I am trying to evaluate

$$ \int \frac{\left(2-z\left(u\right)\right)z'\left(u\right)}{\left(z\left(u\right)\right)^2-z\left(u\right)+2}du \quad (1) $$

I think I've found a solution by using integration by substitution but I am having trouble with expressing the infinitesmall. You'll understand as you read.

My attempt

Lets re-write the integral more simply as:

$$\int \frac{(2-z) z'}{z^2-z+2}du$$

Since $z$ is not a variable but a function of $u$, the first basic composite integrals that come to mind are the following:

$$\int \frac{f(x)f'(x)}{f(x)^2+1} dx = \frac12 \ln\left|f^2(x)+1\right| +C \quad (2)$$ $$\int \frac{f'(x)}{f(x)^2+1} dx = \arctan\left|f(x)\right| +C\quad (3)$$

We can re-write the denominator of $(1)$ as

$$z^2-z-2 = \frac74\left[ \left( \frac{2}{\sqrt 7} (z-\frac12) \right)^2 +1 \right]$$

Hence. plugging it in $(1)$

$$\int \frac{(2-z) z'}{z^2-z+2}du = \int \frac{(2-z) z'}{\frac74\left[ \left( \frac{2}{\sqrt 7} (z-\frac12) \right)^2 +1 \right]}du = \frac47 \int \frac{(2-z) z'}{ \left( \frac{2}{\sqrt 7} (z-\frac12) \right)^2 +1 }du$$

It seems we are on the right way.
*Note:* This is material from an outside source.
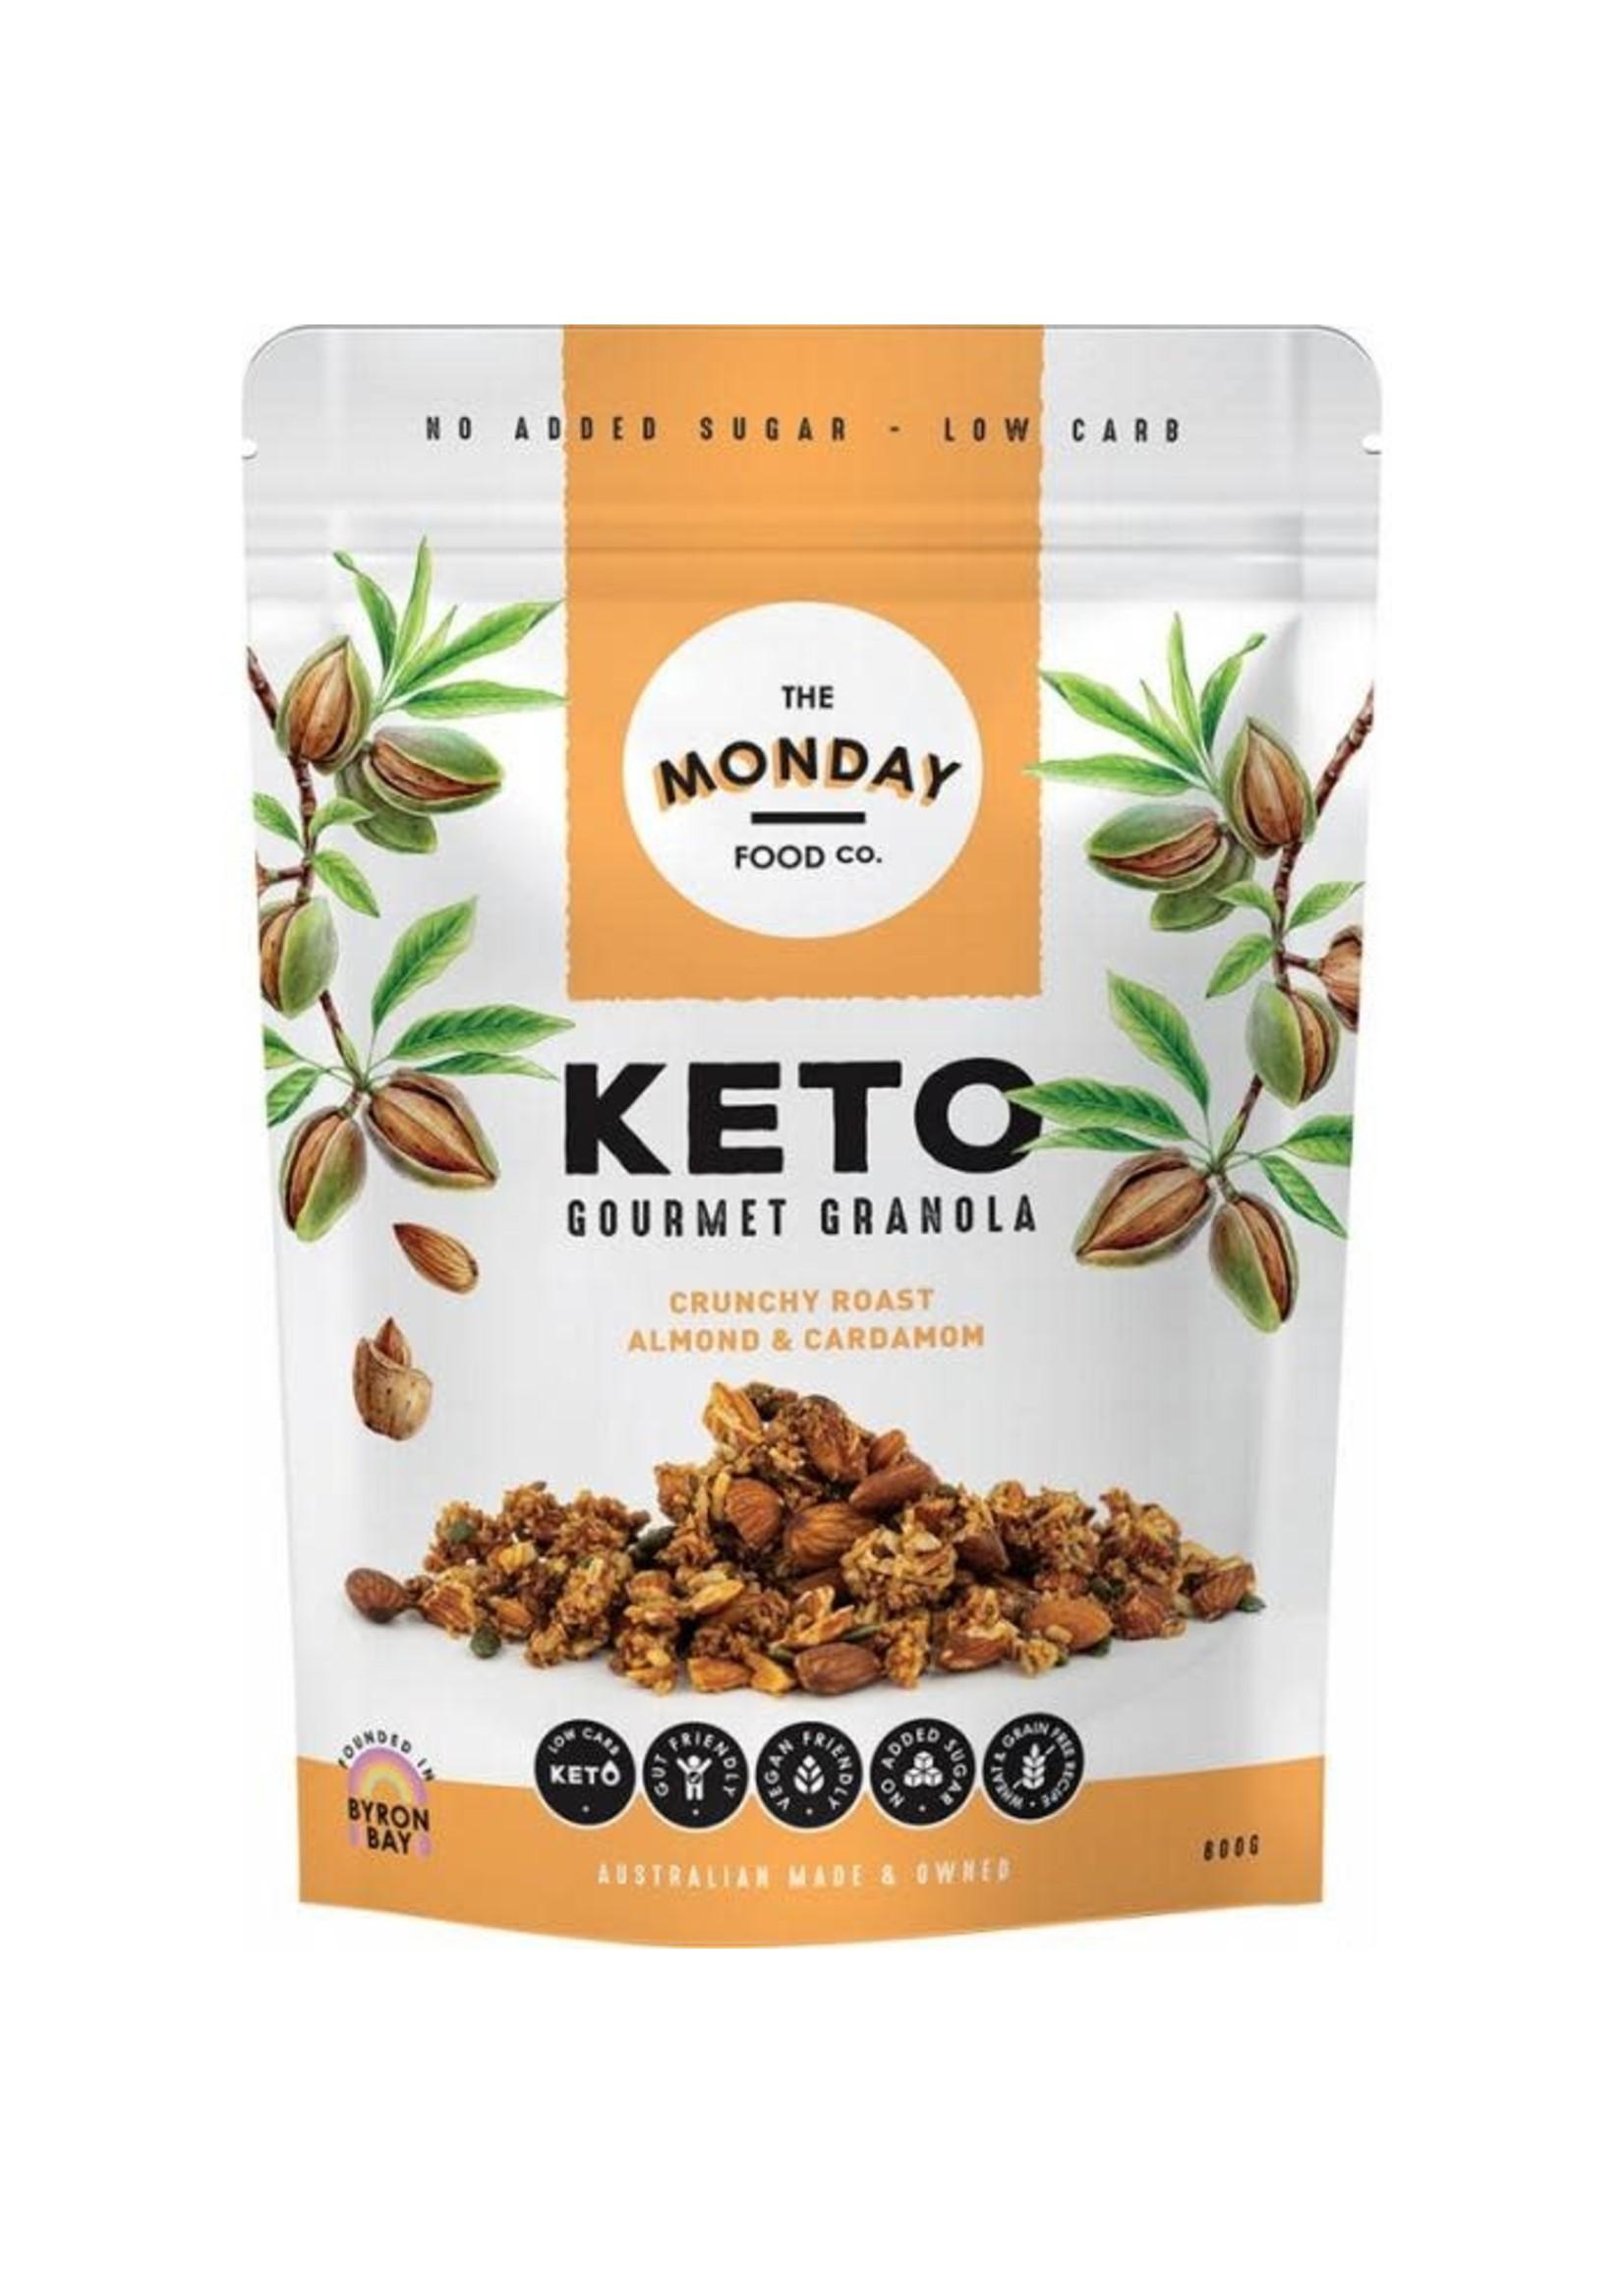 The Monday Food Co. The Monday Food Co. Keto Gourmet Granola Crunchy Roast Almond & Cardamom 300g

Let's break the integral:

$$ \frac87 \int\frac{z'}{ \left( \frac{2}{\sqrt 7} (z-\frac12) \right)^2 +1 }du - \frac47 \int\frac{zz'}{ \left( \frac{2}{\sqrt 7} (z-\frac12) \right)^2 +1 }du$$

If we could bring the integral in $(2) \text{ and } (3)$ forms then we would have had evaluated it, i.e:

Let $h = \frac{2}{\sqrt 7}(z(u) - \frac12) \to $ $z(u) = \frac{\sqrt 7}{2}h+\frac12$

All we need now is to find $du$, but that I am having trouble understanding how infinitesmall will change by this substitution. Note that $z$ is a function of $u$ and not a variable.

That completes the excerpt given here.